Local Controlled Values¶

This page provides reference for some local controlled values.

Harvest Workflow codes¶

The prefix indicates the primary strategy we use to process the records, even when it is a multistep workflow:

template : creating the records directly in the GeoBTAA metadata profile. Typically, we are using a CSV or even the GBL Admin form view.
tools : relying on existing metadata software tools & apps to obtain and/or process the metadata. Right now, the tools are the OAI validator, OpenRefine, and MarcEdit.
py : python modules and scripts do most of the work. Any additional steps should be described within the code or its accompanying documentation

Harvest Workflow	Description
template_website	author a website only record directly in the GeoBTAA profile
template_children	author a website and children records directly in the GeoBTAA profile
template_csv	receive a spreadsheet of metadata and do some minor cleanup
tools_oai_openrefine	access the OAI-PMH API OAI validator; export an XML; load it into OpenRefine for cleanup and conversion to CSV
tools_marcedit	use the MarcEdit tool to convert MARC records into a CSV
py_arcgis_hub	ArcGIS Hubs
py_arcgis_online	ArcGIS Online data collections
py_socrata	Socrata portals
py_ckan	CKAN portals
py_hdx	Humanitarian Data Exchange CKAN portal
py_ogm_wisc	Individual JSONs in UW-Madison’s GBL 1.0 metadata
py_ogm_gbl1	Individual JSONs in the OGM GBL 1.0 metadata
py_ogm_aardvark	individual JSONs in the OGM Aardvark metadata
py_pasda	PASDA custom data portal (HTML parser)
py_isgs	ISGS custom data portal (HTML parser)
py_umedia	UMN UMedia modified Blacklight portal
py_opex	OPEX / MODs files from Michigan
py_oaipmh	OAI-PMH endpoints (use Python instead of tools)
py_mods	MODS metadata files

Resource Types for Websites¶

Data portals¶

Purpose: to enable users to search, discover, and access datasets and web services for their own use.
Examples: A CKAN search portal or an ArcGIS Hub

Static web pages¶

Purpose: simple, direct distribution of files. The content does not change in response to user interaction.
Examples: A basic HTML page with a list of links to download ZIP files or an FTP site.

Digital repositories¶

Purpose: long-term, stable preservation and scholarly citation of digital objects, which may include datasets but also papers, images, and other media. The emphasis is on archival quality and persistent identification.
Examples: University digital conservancies, library collections on platforms like DSpace or Fedora, research institutes with data collections

Interactive resources¶

Purpose: to guide a user through a narrative or a curated data exploration. The user is consuming a finished information product.
Examples: Esri StoryMaps or web map applications.

Accrual method values¶

This is how we obtain the metadata (not how we process it)

Automated retrieval¶

Definition: Metadata was actively retrieved from a live, external source using an automated or semi-automated tool. This is a "pull" method; we get the metadata ourselves.

Examples:

Running a Python script to query an API
Using a tool to connect to an OAI-PMH endpoint
Scraping a web page

This is a passive harvest, we can redo it anytime.

Mediated deposit¶

Definition: Metadata was sent as a discrete file or set of files from an external party. This is a "push" method; we are receiving a package.

Examples:

A data provider emails you a CSV spreadsheet.
You are given a link to download a ZIP file containing XML records.
You download a JSON file from a repository's export page.
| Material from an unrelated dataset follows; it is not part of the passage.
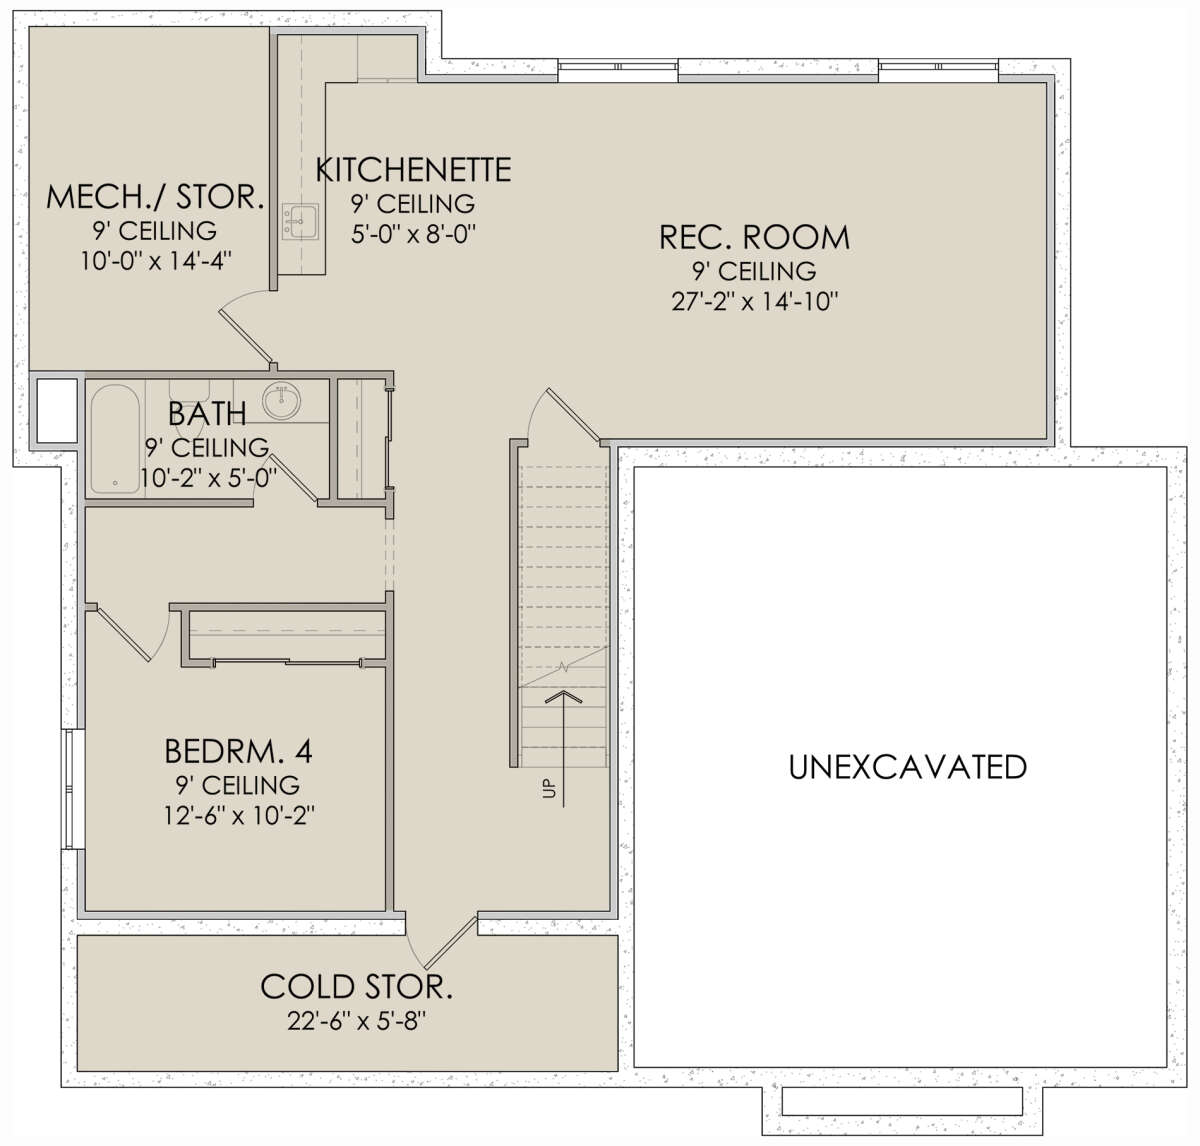 Craftsman Plan: 2,465 Square Feet, 3 Bedrooms, 2.5 Bathrooms - 009-00069

This relies on someone submitting records, we need them to send us files. We might reprocess those files for metadata augmentation but cannot get new ones ourselves.

Manual curation¶

Definition: Metadata was created record-by-record through direct human input into a system or template, often by looking at a source website or document.

Examples:

Typing metadata into the GBL Admin interface.
Filling out a GeoBTAA spreadsheet template from scratch by examining a web map.

This is a passive harvest, but is generally laborious to replicate. This should only be done for website level records or things we deem high priority and very stable.